Kerry is in her office on Madison Avenue in New York. She is President of the Robert F. Kennedy Center for Justice and Human Rights. As a child in a very privileged condition she understood how many other people in the world were suffering injustice and discrimination. Very early on she decided to run the Center that her family and their friends had created in memory of her father, Robert F. Kennedy.
“We have three offices, one in Washington, one in New York and one in Florence. Next week I am going to Florence for a board meeting and the opening of a new library of five hundred volumes on Human Rights and International Issues. Our center is in the historic complex of Le Murate which became a combination of affordable housing and a center for arts and culture when Mayor Renzi was in office. We have a training institute there for human rights defenders and from there we are also fighting laws against social minorities – like in Uganda, where they just passed a law that punishes homosexuality with life imprisonment.”
Then you go to Turin?
Yes, we are opening an exhibition of photographs of John F. Kennedy, Robert F. Kennedy and Martin Luther King at the Rosselli Foundation from May 19th. We are at the 50th Anniversary of the Civil Rights Movement. We do this not only as a reminder, but also because ‘What’s Past is Prologue’ and there are many issues that we face as a society today which require the same kind of organization and determination for justice.
What is the goal of the Center? What is your role?
The Foundation was started by the family of Robert F. Kennedy and his friends, to realize his vision of justice. So we work on Human Rights issues in Italy, in the USA and around the world. There are major problems around the world today like violence against women, global warming, war in Syria, Middle East, Russia, Crimea, terrorism, these issues are all violations of Human Rights. So, we believe that if we can get governments and corporations, husbands and classmates to stop violating Human Rights, we can create a just world.
Do you have good results?
I am very optimistic because when I started working on Human Rights in 1981 all Latin America was under right wing military dictatorship and today, except for Cuba, they are all democracies. All Eastern Europe was under communism and today there is not a communist government in Eastern Europe. South Africa was at the height of Apartheid and today it has had a series of freely elected governments, elected by the majority of the people. Women’s rights were not on the international agenda until 1995, when Hillary Clinton declared in Beijing that, “Women’s rights are human rights.” That was a revolutionary thing to say in 1995 and today CEDAW, the women’s rights convention of the UN, has been ratified by one hundred and eighty-three countries. So we have seen huge, massive changes and those changes have come about not because governments or militaries or multinational corporations wanted these changes to happen but because ordinary people harnessed the dream of freedom and made it come through.
What about you?
I am the President of the Center and I am responsible for raising funds of over ten million US dollars per year. We get them from individuals, corporations, governments or, in Italy, bank foundations. I am responsible for our programs and to making sure that they are impactful. I am an ambassador for the organization and I have written articles and a couple of books.
Why didn’t you follow your father’s footsteps in elected office?

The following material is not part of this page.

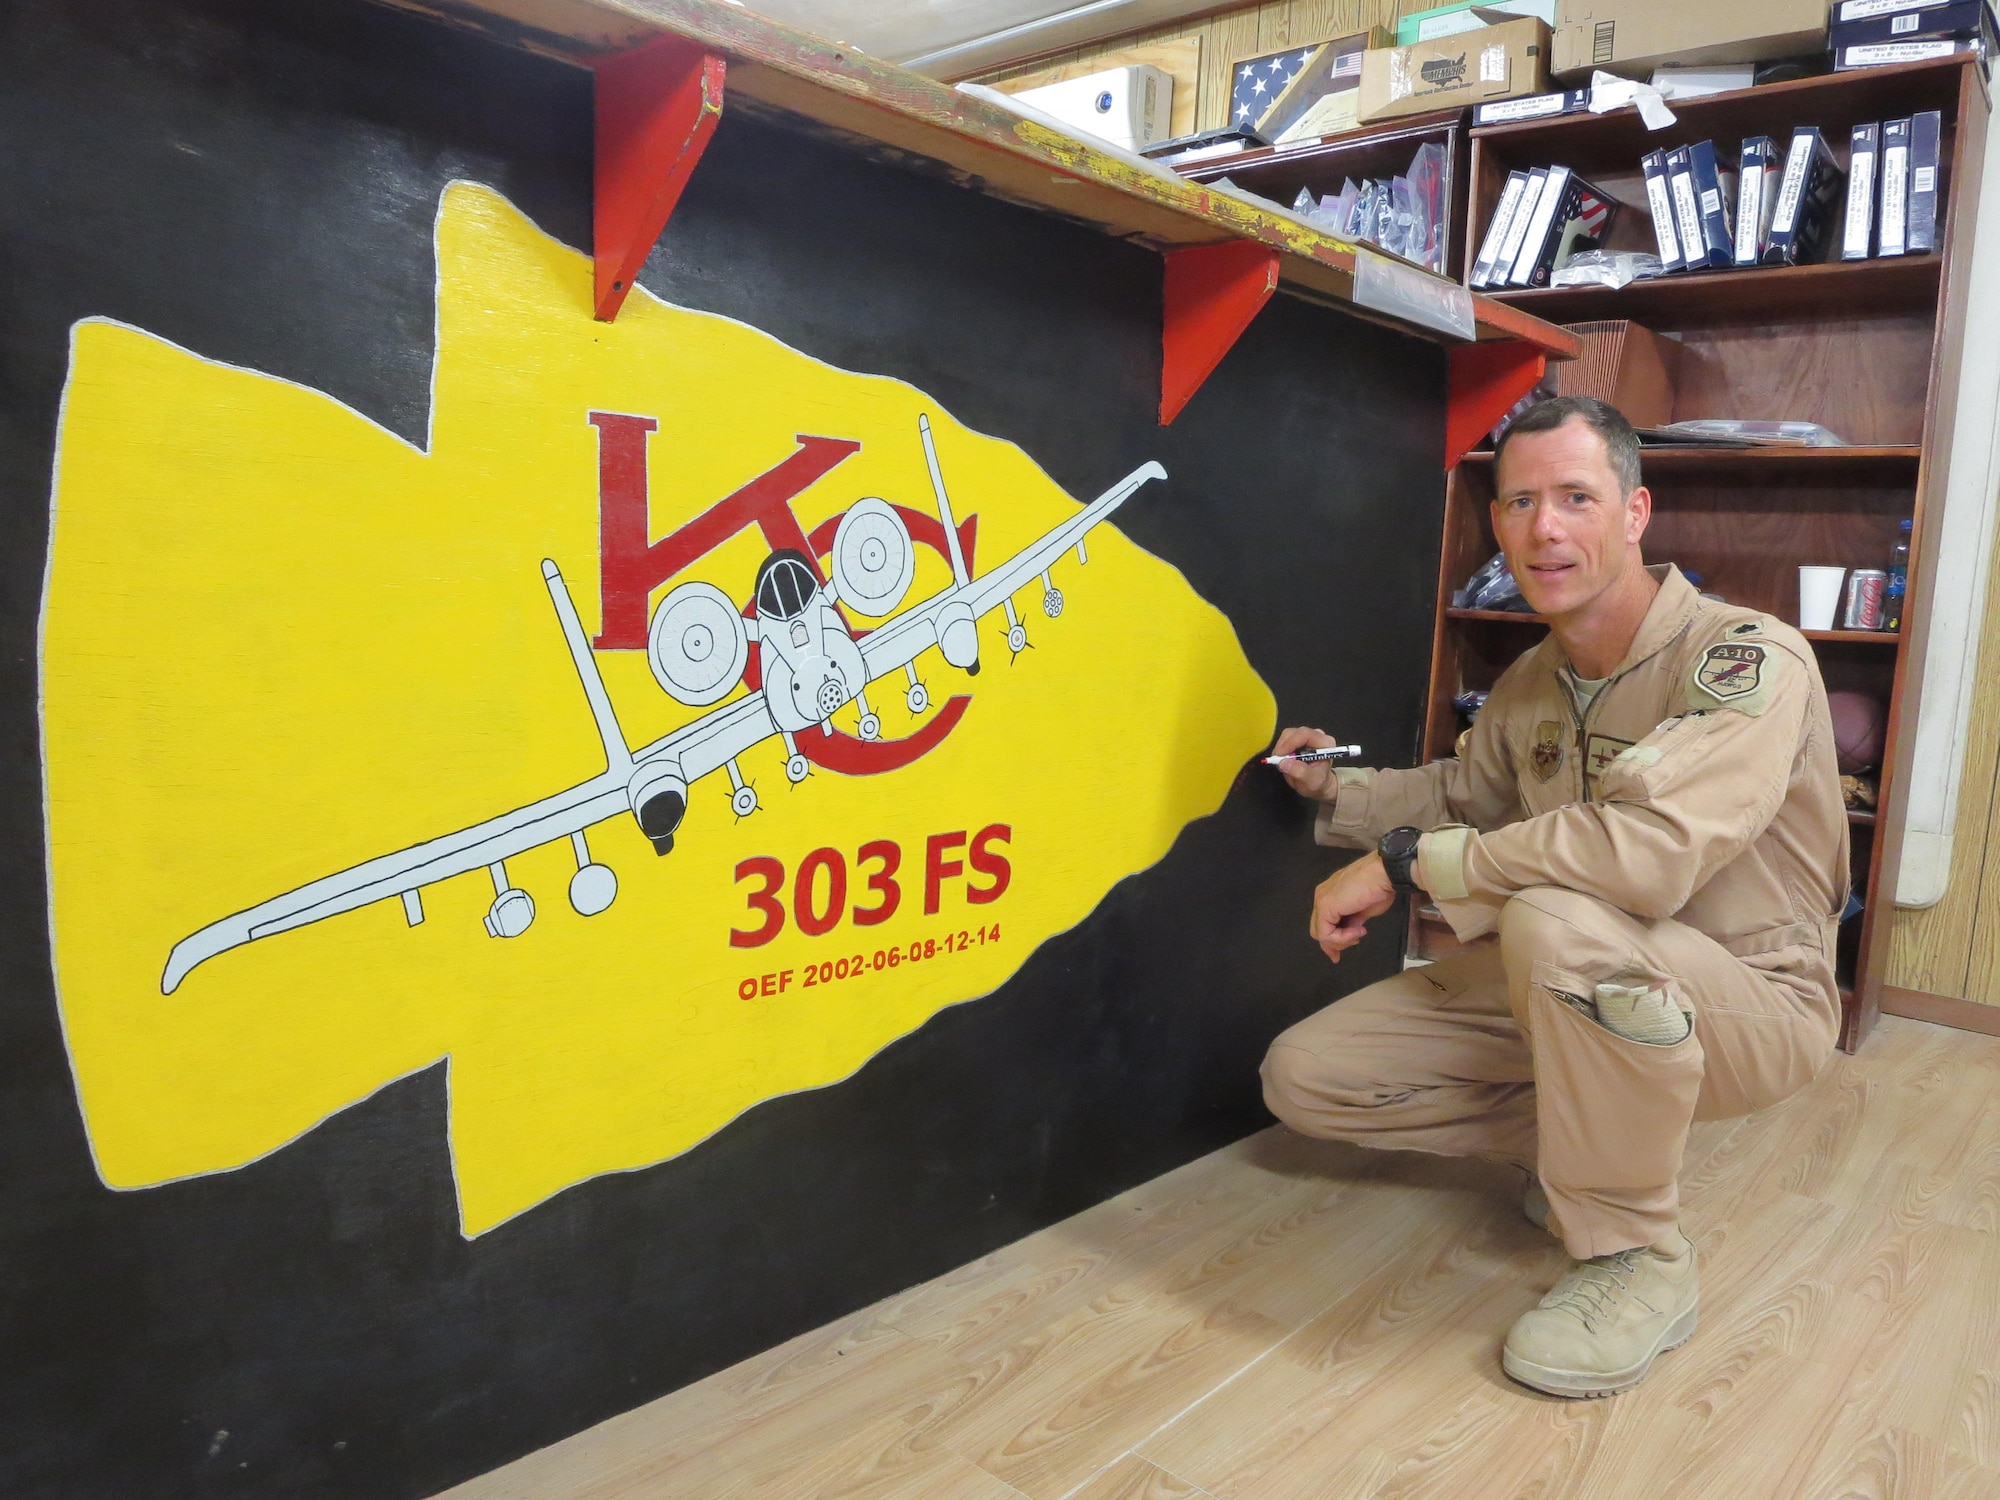 U.S. Air Force Lt. Col. John Marks smiles in front of his 303rd Fighter Squadron artwork at Bagram Air Base, Afghanistan, during Operation Enduring Freedom in 2014. The 303rd Fighter Squadron is attached to the 442d Fighter Wing, a Reserve wing located at Whiteman Air Force Base, Missouri. (Courtesy photo provide by Lt. Col. Marks)

I think that there is an important role to play in elected office and I have enormous admiration for many people who take that route. When I was in law school there was an open seat in the city government of Boston. I thought about it, but my heart has always been in international issues and this is the work I want to do. Running for office and getting elected would be a compromise for me in too many ways. It can give you power, but for what? In many things, but not in what I am interested to do.
Do politicians listen to you?
Not enough. If they did, it would be better (she said, smiling). But I am grateful for the open relationship that I have with many leaders in our country and other countries around the world.
Are you going to support Hillary for President?
Yes, she is a wise woman and a great leader. I have more to learn from her on these issues.
And President Obama?
We have had a good rapport with the White House. He hosted our defenders from Zimbabwe, the White House supported our work on sexual minorities in Uganda and other countries. They are good allies in our work in Mexico for civilian jurisdiction.
And what sort of relationship do you have with the Italian leaders?
I know Renzi because of our work in Florence. He is a big fan of Robert Kennedy and I am very excited that Italy has a man like Renzi after Berlusconi. I think he is a man not only with a sense of vision, but also you have the sense that for him a day has not enough hours to get everything done and there is an almost frenetic energy of not only coming up with ideas, but actually doing the change he has said he is going to do – and that makes him an exceptional political leader.
What are your new issues?
What we are doing now is called RFK Compass. We bring together about a hundred people who control between three to five trillion dollars and we bring them together three times a year to talk about the impact of human rights violation and environmental degradation and corruption on their investment outcome.
If they asked you to choose one issue of the Universal Declaration of Human Rights?
It would be empowering women, because women are fifty per cent of people and whenever they are in power there are more implications to stop Human Rights violations.